Letter to Socks

Tommorow I will have more to say, but for today here is a short story – one I wrote for a college application.

_______________________

It’s a big day. Well, of course it is because if it wasn’t, I wouldn’t need you. 

7:35 am. You know I wake up later on these days, usually because I’ve spent much of the night tossing and turning, anticipating my encounter with you and the day that will soon unfold. The funny thing is you never know when I’m coming for you, but I think about you a lot.

I want to thank you for being on standby, ready to comfort me whenever I need you. I am grateful when I see you lying there, both of you, wrapped together. 

Few know you exist, few have ever seen you. But I know you help me, so of course I’m going to put you to use on every major day of my life. 

On final exam days. Before an interview with the Governor. During a TED Talk. I only call on you a few times a year. But when I do, I really, really need you. 

You’re my special socks. 

Over the years you have become threadbare, worn down by extra-heavy steps on those days I wear you out of the house. Your blue stitching. Your tiny red and gold menorahs. Your grey trim. Your hole in the big toe of the right sock. 

I have flirted with different game-day rituals. Special shirt. Special shoes. Special hat. But you, you bring my ‘A game’ because you’re important to me.

The best Hanukkah gift ever given on Christmas. 

In order to fully understand why you mean so much to me, you must meet my family and know why you are in my life. 

My mom was raised a devout Catholic. Growing up in the south suburbs of Chicago, her Sundays were spent in church. She read the Bible and prayed before every meal, like all Park Forest households.

My father was raised across town in a Jewish community in Skokie, Illinois. For all the hours my mother spent at church, my father spent at the Jewish Community Center learning different renditions of the same story.

They traveled far from home to raise me. When they landed in Portland, they left the families and religions they grew up with. God has never been a part of my life. I never went to Sunday School or took Hebrew classes. We celebrate Rosh Hashanah with the same muted devotion as Easter. 

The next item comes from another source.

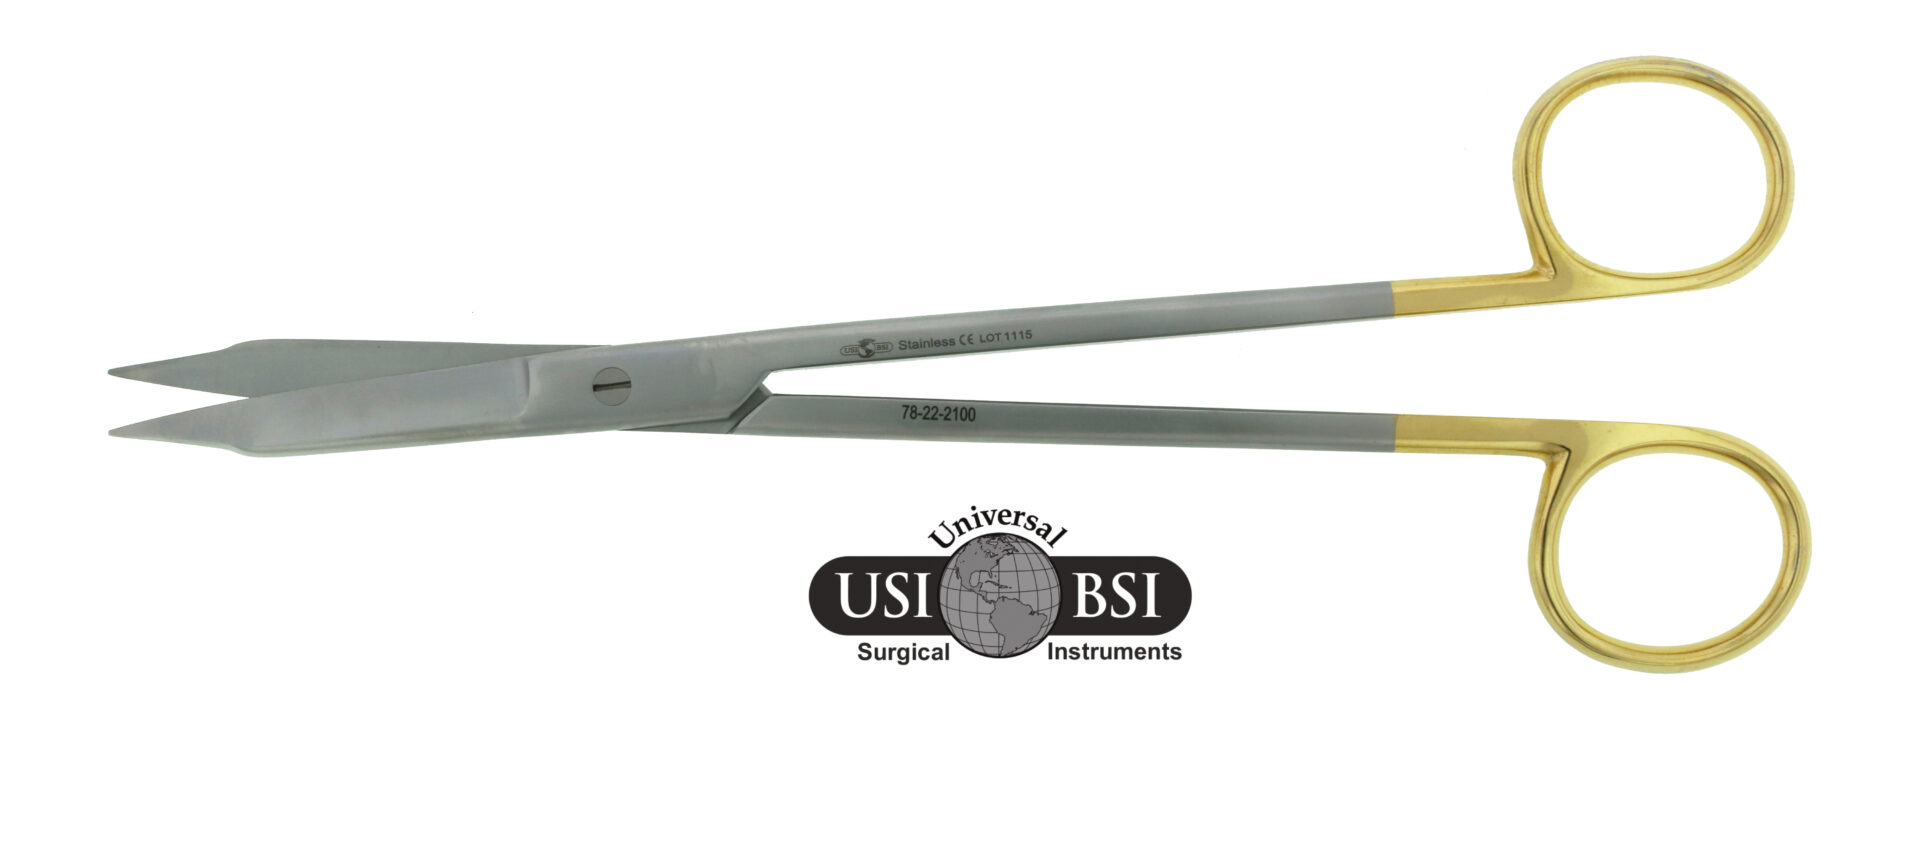 A pair of scissors with a us 1 bsi seal.

So I knew Grandma was sending a message when she gave me menorah socks on Christmas morning. Three weeks after Hanukkah and you pop up in my stocking, a simple reminder of the role of faith in my family history. You came as a hopeful wish, sent along as an effort to convert, or more simply to remember my relatives and how far removed I am from the world my parents were raised in.

Every single day, I wear the same socks. Black athletic long stretch socks with little white Nike swooshes at the tops. But today, I need you, and the story you tell.

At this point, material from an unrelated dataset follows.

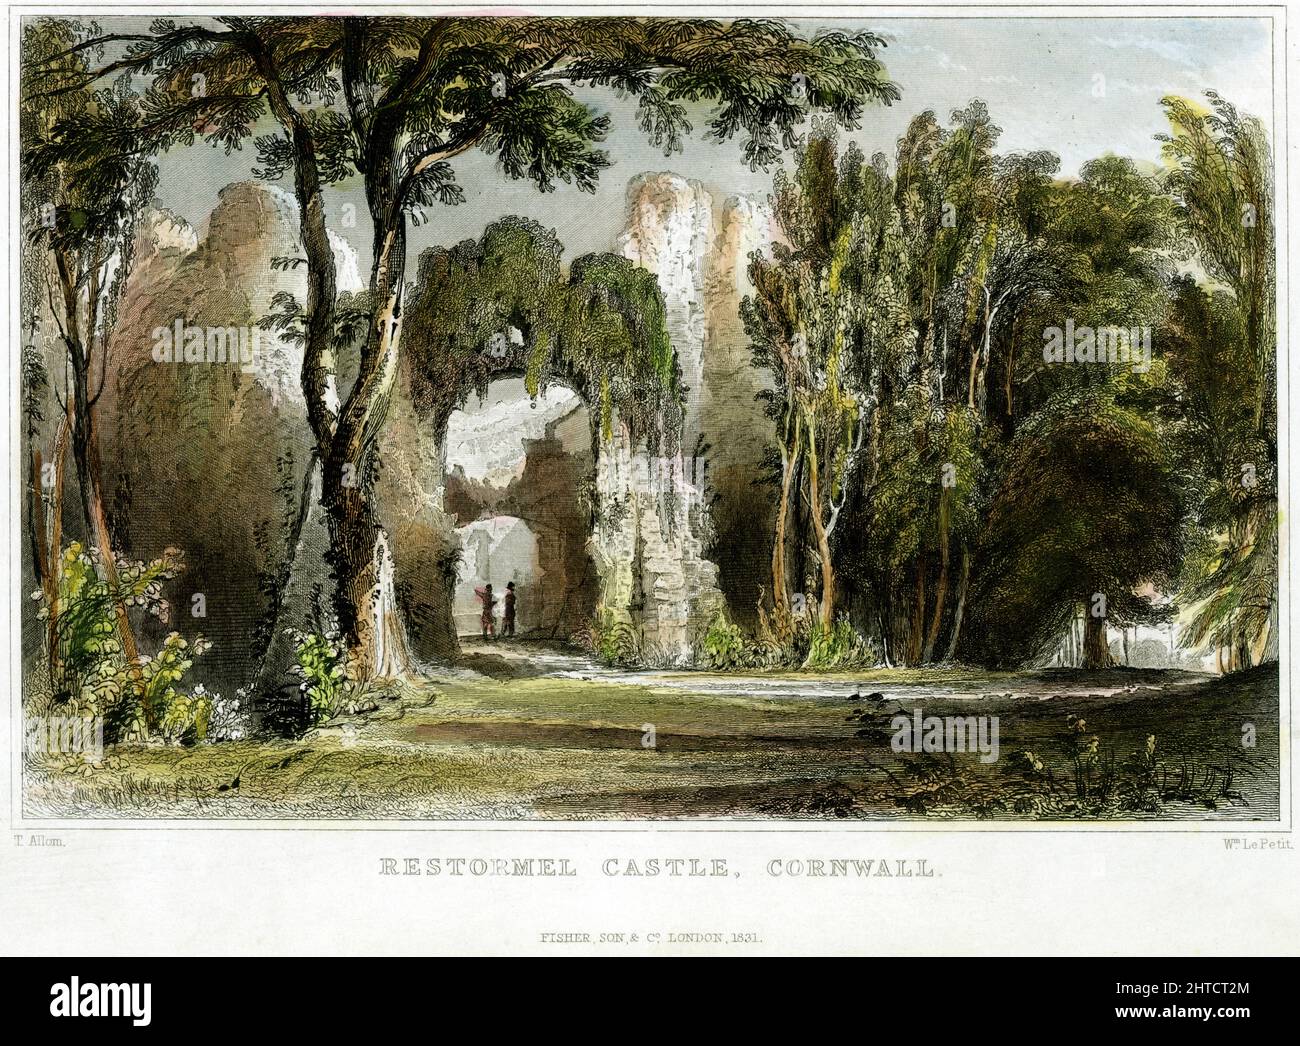 Restormel Castle, Restormel, Lostwithiel, Cornwall, c1830. Hand coloured engraving showing the gatehouse of the inner ward at Restormel Castle with two figures. Published in 'Devonshire &amp; Cornwall Illustrated', Fisher, Son &amp; Company, London, 1830-1832. Stock Photo

I put you on and I am transported to my mother’s childhood home. Around the dinner table, I sit with my grandmother as we bow our heads in silence. While I don’t understand what role God played in the gathering of the canned yams and rotisserie chicken, I admire the elegance in the way she says grace. You then fly me to my father’s family, with a Passover seder set neatly on the table. While at Passovers in Portland we debate the latest historical findings about Moses, a part of me envies the beauty of the stories taken as fact in Chicago.

I don’t know where I stand with God. So until I make up my mind, I keep you nearby, as a reminder of my heritage, careful not to lose sight of the importance of family and faith.

And either way, I will always have my socks.